Rich Man, Poor Man
- First edition
- Author: Irwin Shaw
- Language: English
- Publisher: Delacorte Press
- Publication date: September 1970
- Publication place: United States
- Media type: Print (hardback)
- Pages: 629 pp
- ISBN: 0-385-28858-1
- OCLC: 94537
- Followed by: Beggarman, Thief

= Rich Man, Poor Man (novel) =

1969 novel by Irwin Shaw

Rich Man, Poor Man is a 1969 novel by Irwin Shaw. It is the last of the novels of Shaw's middle period before he began to concentrate, in his last works such as Evening In Byzantium, Nightwork, Bread Upon The Waters and Acceptable Losses on the inevitability of impending death. The title is taken from the nursery rhyme "Tinker, Tailor". The novel was adapted into a 1976 miniseries.

==Background==
The novel is a sprawling work, with over 600 pages, and covers many of the themes Shaw returns to again and again in all of his fiction – Americans living as expatriates in Europe, the McCarthy era, children trying to break away from the kind of life lived by their parents, social and political issues of capitalism, and the pain of relationships. On the very first page Shaw subtly telegraphs the sad ending of the story, in the same way that the first scene of a film will often quote the last scene.
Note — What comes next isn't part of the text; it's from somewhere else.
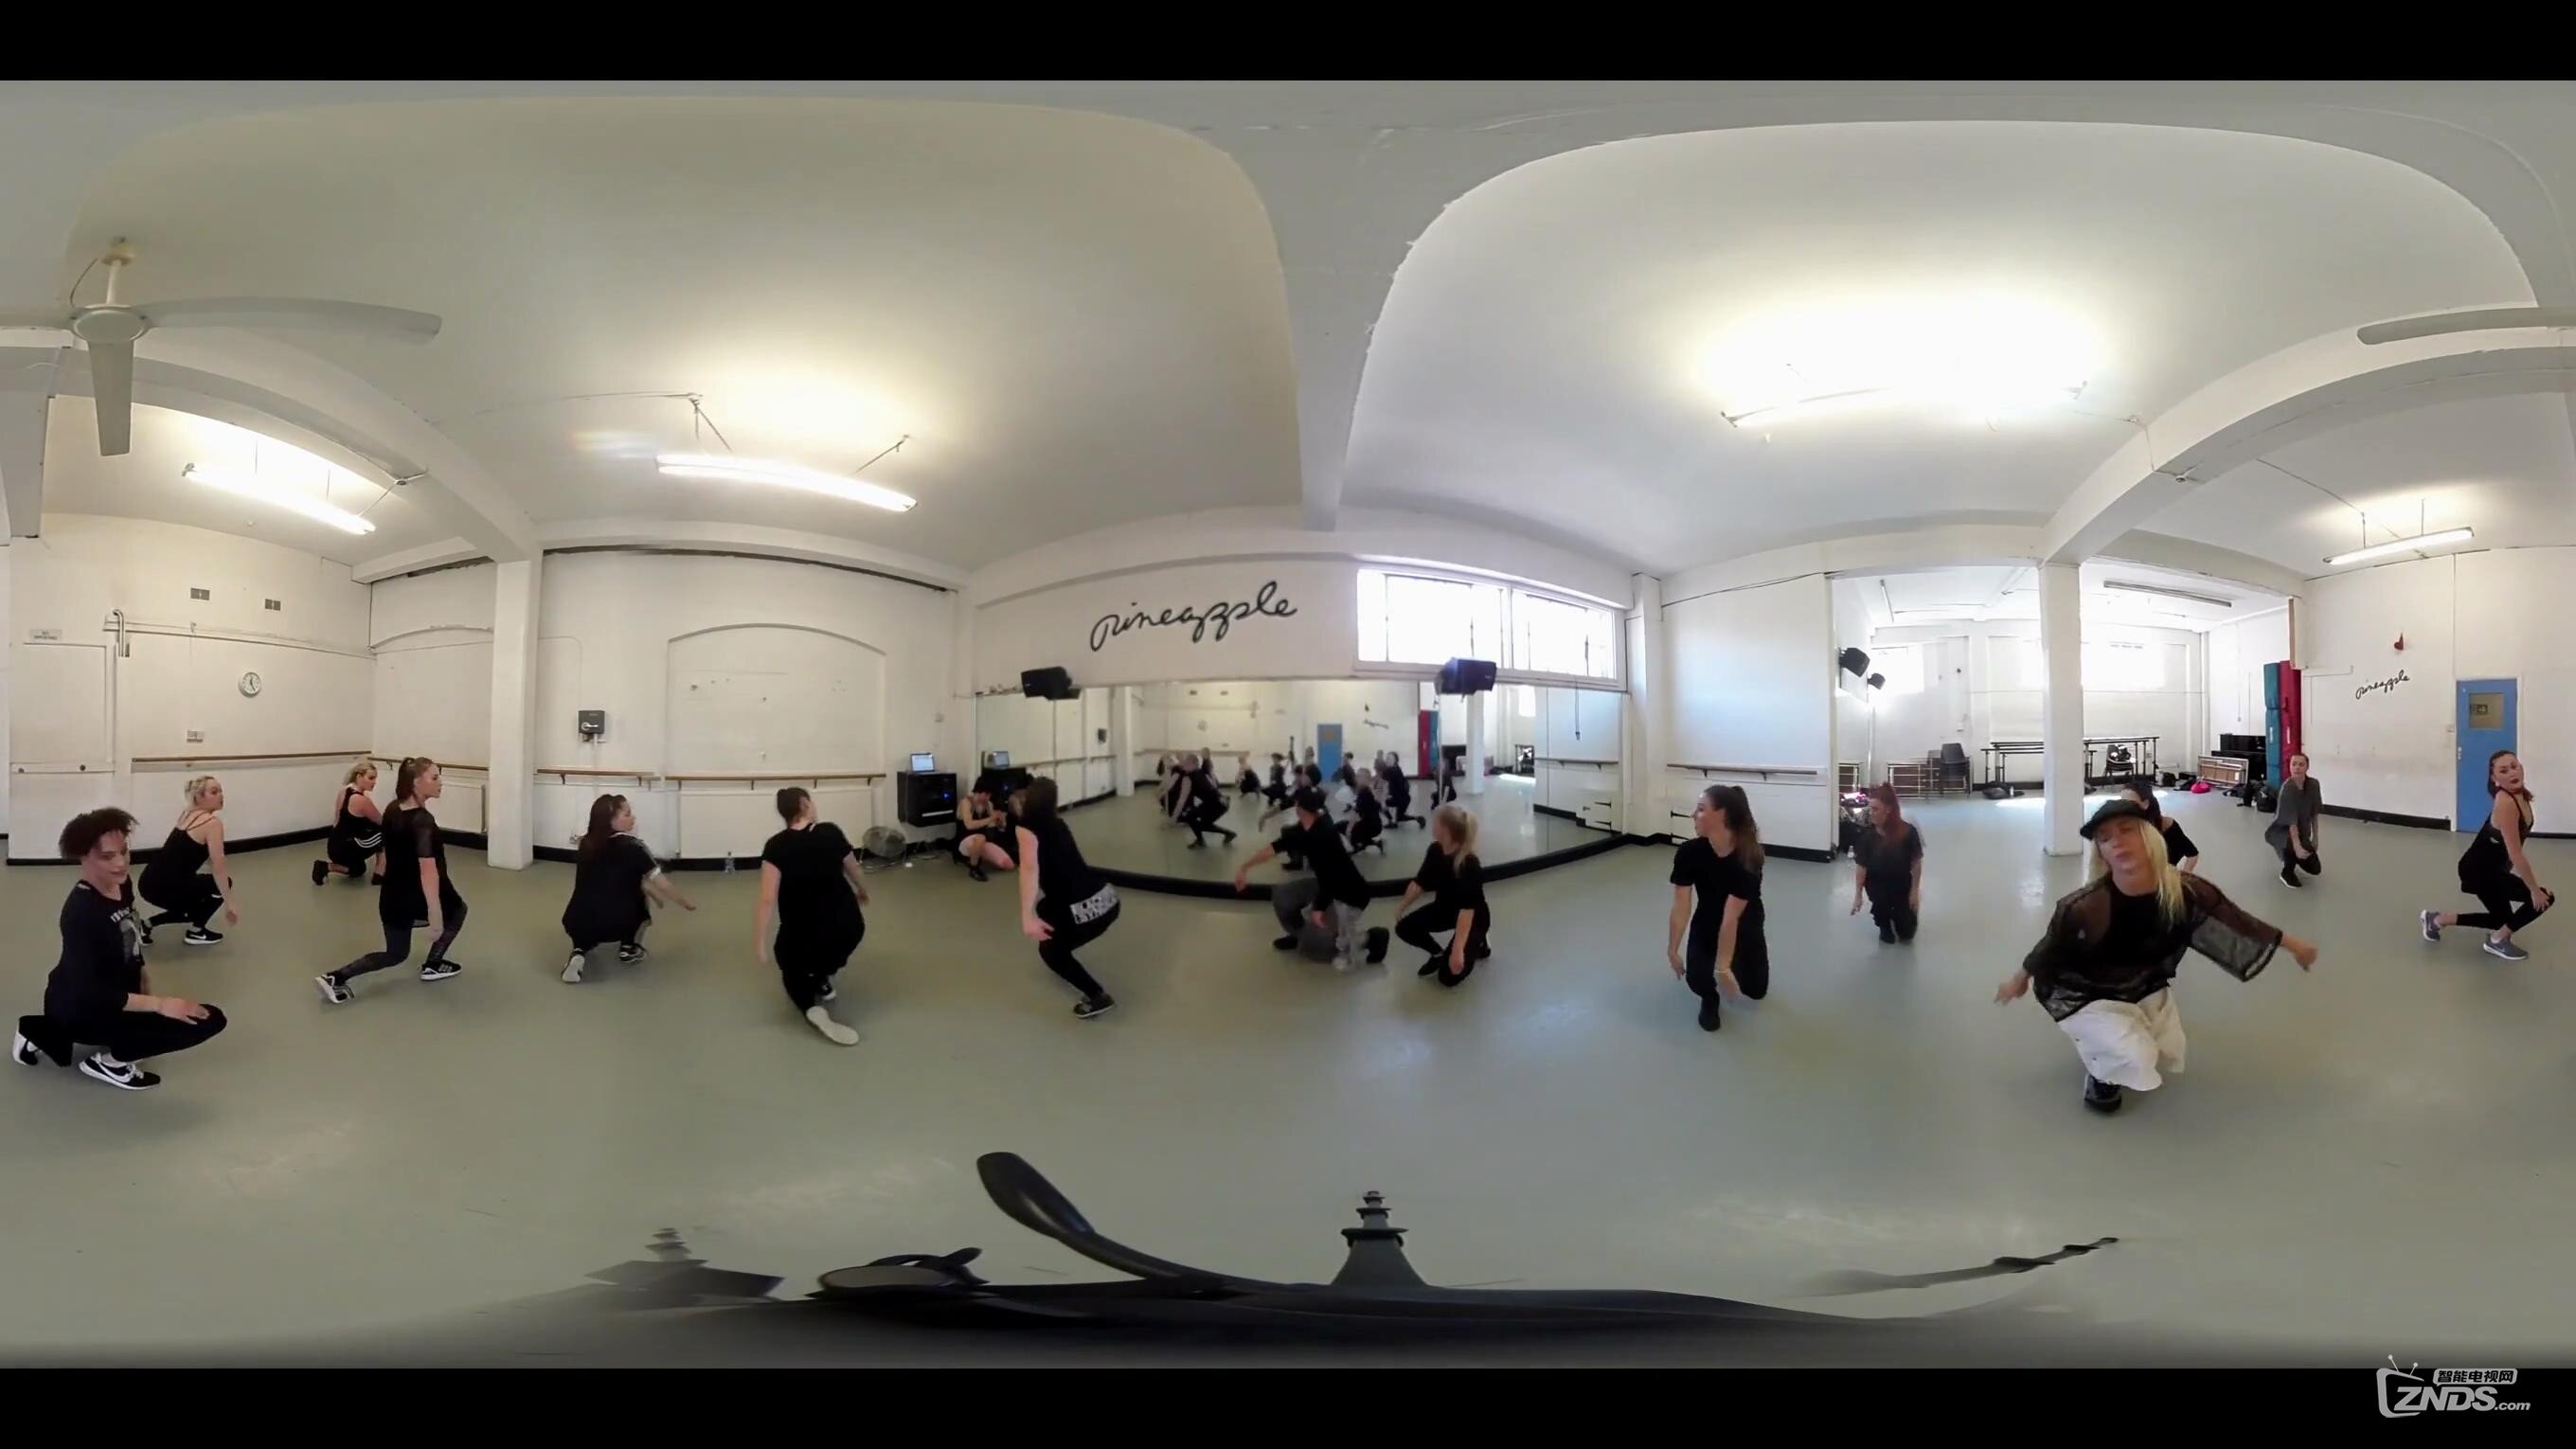 【360度VR全景视频】菠萝舞团HIPHOP舞蹈教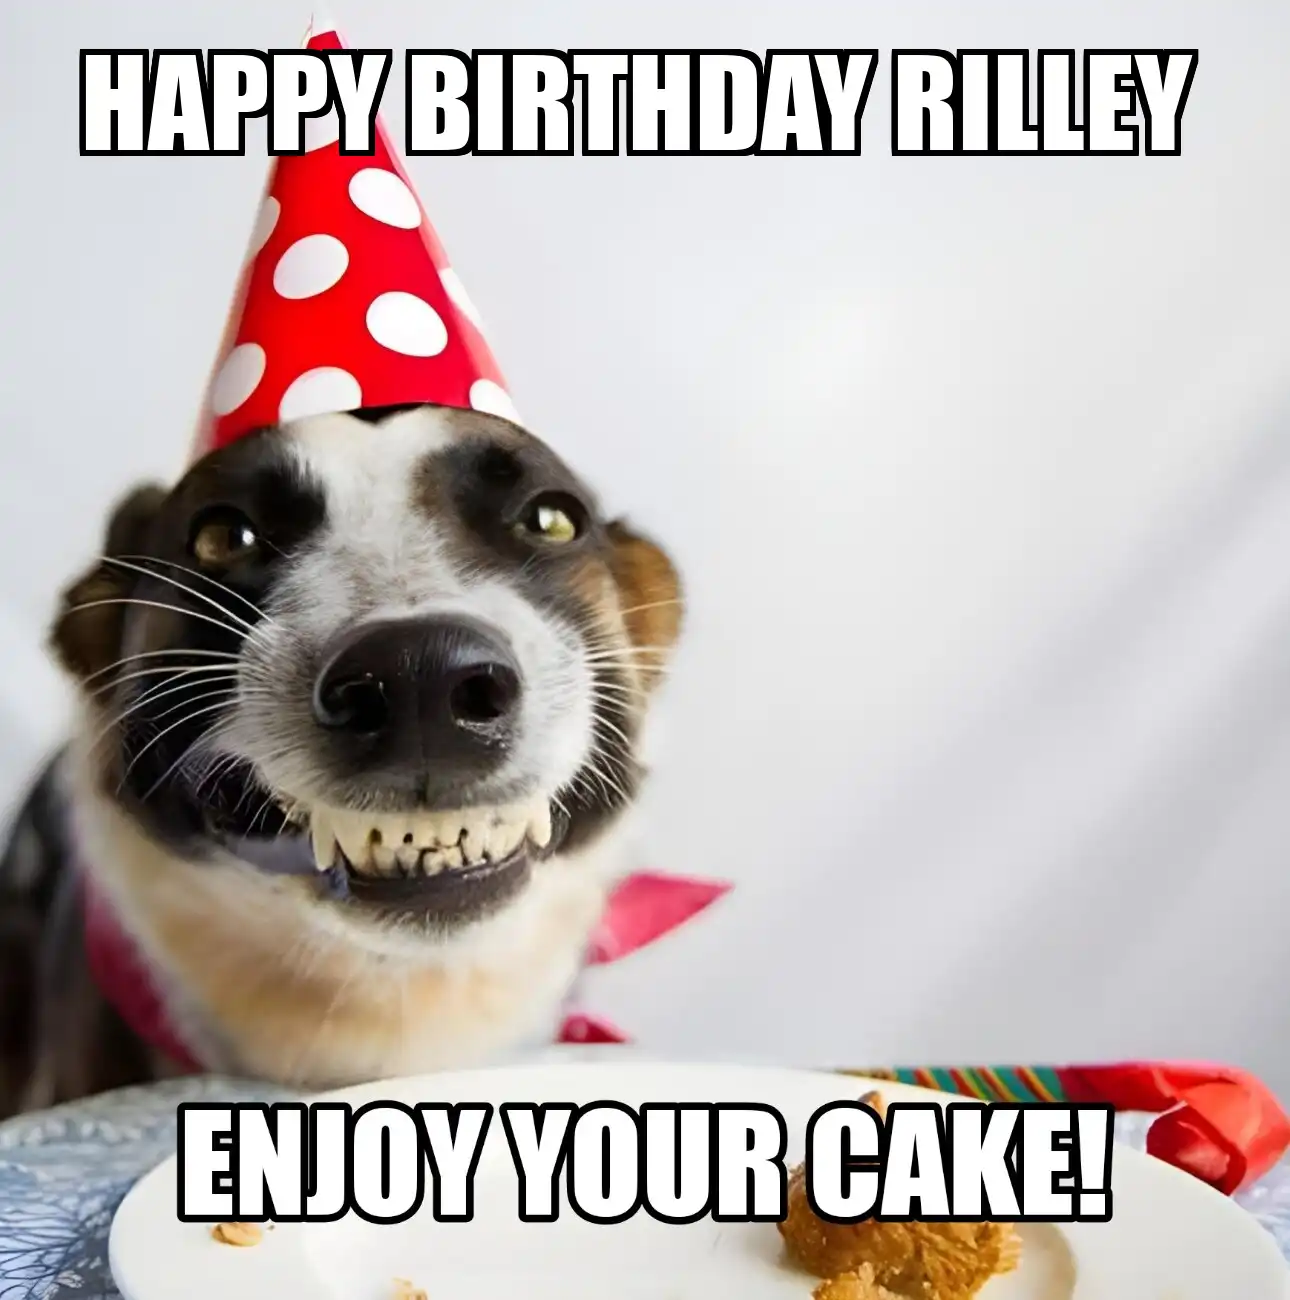 Happy Birthday Rilley Enjoy Your Cake Dog Meme

Originally published as a short story in Playboy Magazine, it became an international bestseller when published as a novel. The bulk of the novel concerns the three children of German Americans Mary Pease and Axel Jordache – the eldest, Gretchen, the middle child, Rudolph, and the youngest, Thomas. It chronicles their experiences from the end of World War II until the late 1960s.

==Plot summary==

In the early parts of the novel Shaw goes to great lengths to make the point about "Jordache blood" – violent, bitter, resentful. One of the ways he does this is by meticulously describing the hate-filled marriage of the parents, Mary and Axel. The novel is told in the third person omniscient point of view but never wholly objectively, often through the lens of the consciousness of one of the five family members. When told through the POV of either Mary or Axel the view of humanity, and of the Jordache family, is relentlessly bleak and pessimistic.

The tripwire that sets all of the ensuing plot action in motion occurs when Gretchen Jordache begins an affair with the president of the company she works for, Teddy Boylan, a man much older than herself. Eventually her brothers Rudolph and Thomas also become involved with Boylan, in different ways, and it is his influence upon all three that first springs each of them into the world beyond the small upstate New York town where their parents scrape by with their bakery. Boylan constitutes their first true encounters with an adult beyond their parents.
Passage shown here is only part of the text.